Mais à cela s’ajoutent les dépenses occasionnées par les complications liées à la transfusion (infections, TRALI, pneumonies, contamination virale, erreur transfusionnelle, etc) ; aux USA, le coût de ces dernières est estimé à US$ 14’000 par complication [171]. Ainsi, le surcoût moyen occasionné par l’administration de sang est de CHF 815.- ($ 945, € 645) pour chaque patient transfusé [211]. Dans ce cadre, inclure le surcoût des complications porte le prix de l’unité de sang à CHF 1’040.- ($ 1’200, € 820) [172].

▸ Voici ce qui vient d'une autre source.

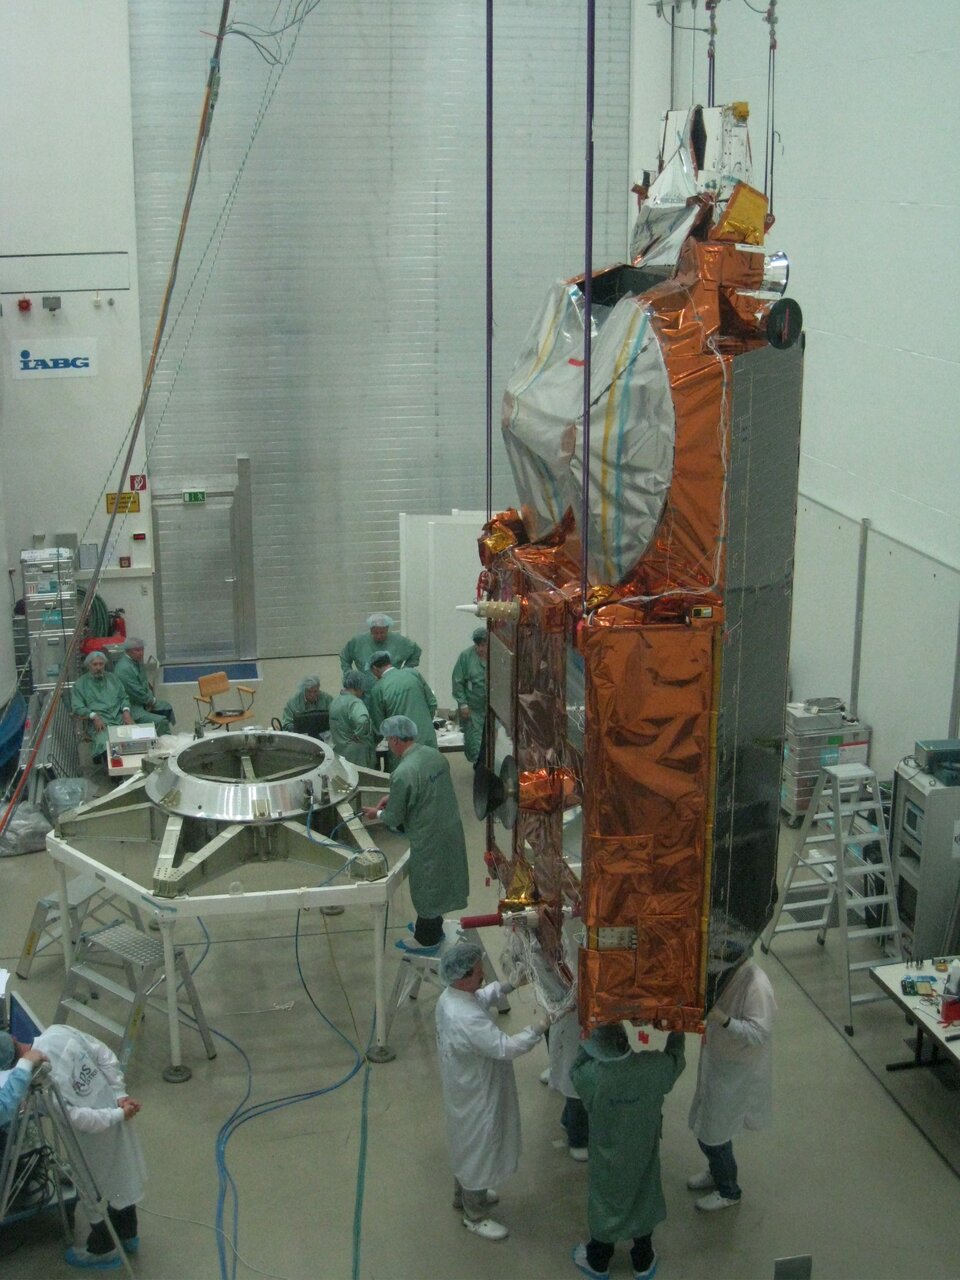 CryoSat-2 at IABG

A titre comparatif, le coût moyen d’une reprise chirurgicale pour hémostase après pontage aorto-coronarien (5% des opérations) est de CHF 7’140.- ($ 8’271, € 5’670). Cette somme se répartit de la manière suivante : 48% pour le prolongement du séjour hospitalier, 31% pour le coût de l’acte chirurgical, 20% pour les produits sanguins et 2% pour les agents hémostatiques [4]. D’autre part, l’exigence de sécurité pousse à multiplier les tests de dépistage sur les donneurs, dont certains sont très dispendieux. Aux problèmes économiques proprement dits s’ajoutent le problème du recrutement de donneurs sains, toujours insuffisant, et les problèmes logistiques occasionnés par l’infrastructure importante d’un centre de transfusion. La poche de sang est donc un traitement rare et cher.

 

Risques liés à la transfusion
Transmission de maladies bactériennes (sepsis)et virales et de maladies infectieuses émergentes
Réactions hémolytiques
Réactions aux leucocytes & antigènes (TRALI)
Réactions liées aux constituants
Erreurs humaines
Immuno-modulation
- ↑ risque infectieux
- ↑ risque de récidive/extension néoplasique
- Alloimmunisation
- Aggravation du SIRS
La transfusion augmente le risque infectieux
Le prix forfaitaire hospitalier d’un concentré érythrocytaire est de CHF 220.-, mais en incluant le coût de la logistique et des complications potentielles, le prix réel est d’environ CHF 1’000.- La poche de sang est un traitement rare et cher.